SÃO PAULO - "Quem desce do morro não morre no asfalto, lá vem o Brasil, descendo a ladeira". Num clip de 1980 exibido pelo "Fantástico" -lá se vão 30 anos-, Moraes Moreira cantava esse samba que exalta "a força que tem a mulher brasileira". Cabeleira ao vento, ia feliz, pendurado no bonde de Santa Teresa, metáfora visual do movimento da canção, morro abaixo. A gravação está no YouTube.
No último sábado, quem pegou esse mesmo bonde se espatifou no asfalto, literalmente. Era o Brasil, descendo a ladeira, mas no sentido oposto ao que lhe dava a canção, impregnada de lirismo brejeiro.
De pelo menos 62 pessoas que estavam a bordo, 5 morreram e 57 ficaram feridas, algumas com fratura exposta ou em estado grave.
A lotação máxima do bondinho era de 40 pessoas, mas ele circulava com 50% de passageiros acima da sua capacidade. A perícia já encontrou evidências de que a manutenção do veículo era precária. Entre elas, um arame improvisado no lugar de um parafuso que deveria fechar a caixa de óleo do eixo da roda. Não chega a ser uma surpresa.

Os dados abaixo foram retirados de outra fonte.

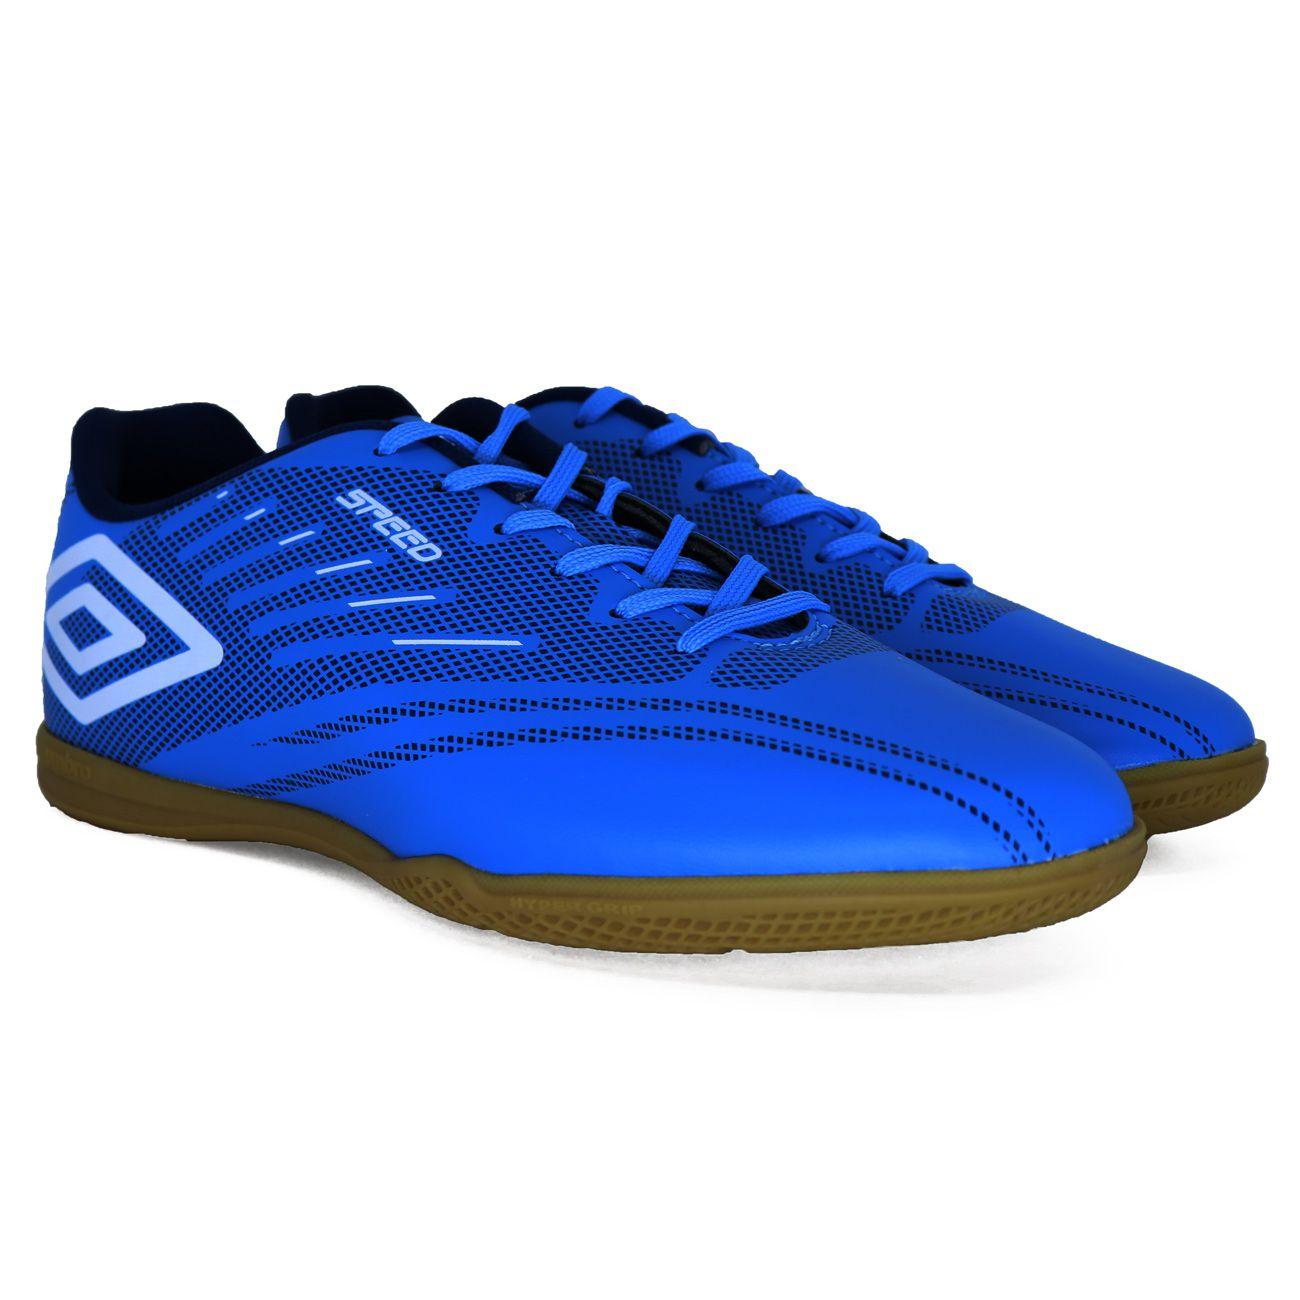 Chuteira Umbro Speed IV Futsal Azul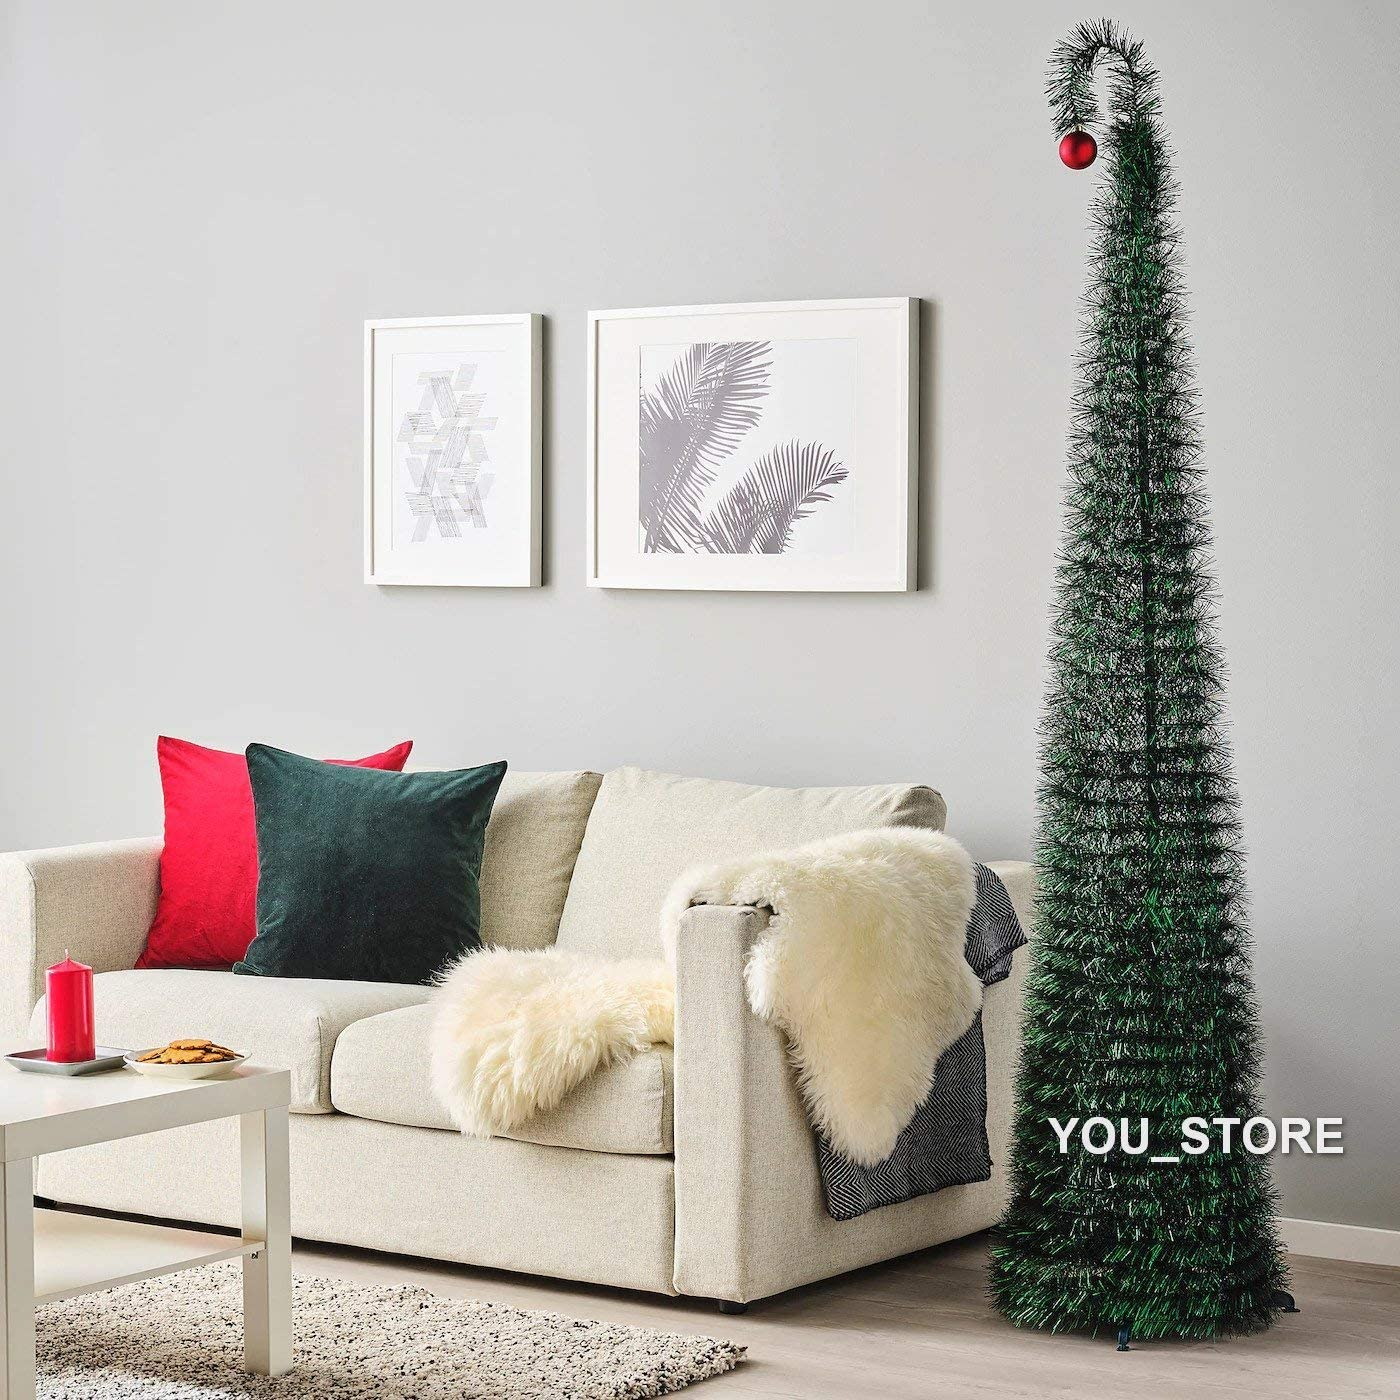 Albero Di Natale Ikea.Ikea Vinterfest Decorazione Albero Di Natale Artificiale Verde 180 Cm Amazon It Casa E Cucina

Barulhento, sacolejante, enferrujado, não obstante seu charme, o bonde de Santa Teresa parece o que de fato é: muito inseguro. Lembra esses brinquedos velhos de parque de diversões, como o que voou sobre as pessoas e matou uma garota, também no Rio, há duas semanas.
Devemos chamar isso de "acidente"? O que aconteceu no sábado foi tão acidental quanto a tragédia do Bateau Mouche, no Réveillon de 1988, quando 55 pessoas morreram afogadas na baía de Guanabara.
No caso do bonde, estamos falando de uma das grandes atrações turísticas da cidade -e, sem dúvida, uma das mais simpáticas.
As pessoas tendem a reagir a esse tipo de descalabro criminoso com a pergunta: mas, desse jeito, como vamos sediar a Copa do Mundo? É compreensível. Mas a pergunta, ela própria, tira dos trilhos o que de fato importa: quando seremos um país mais decente e mais sério?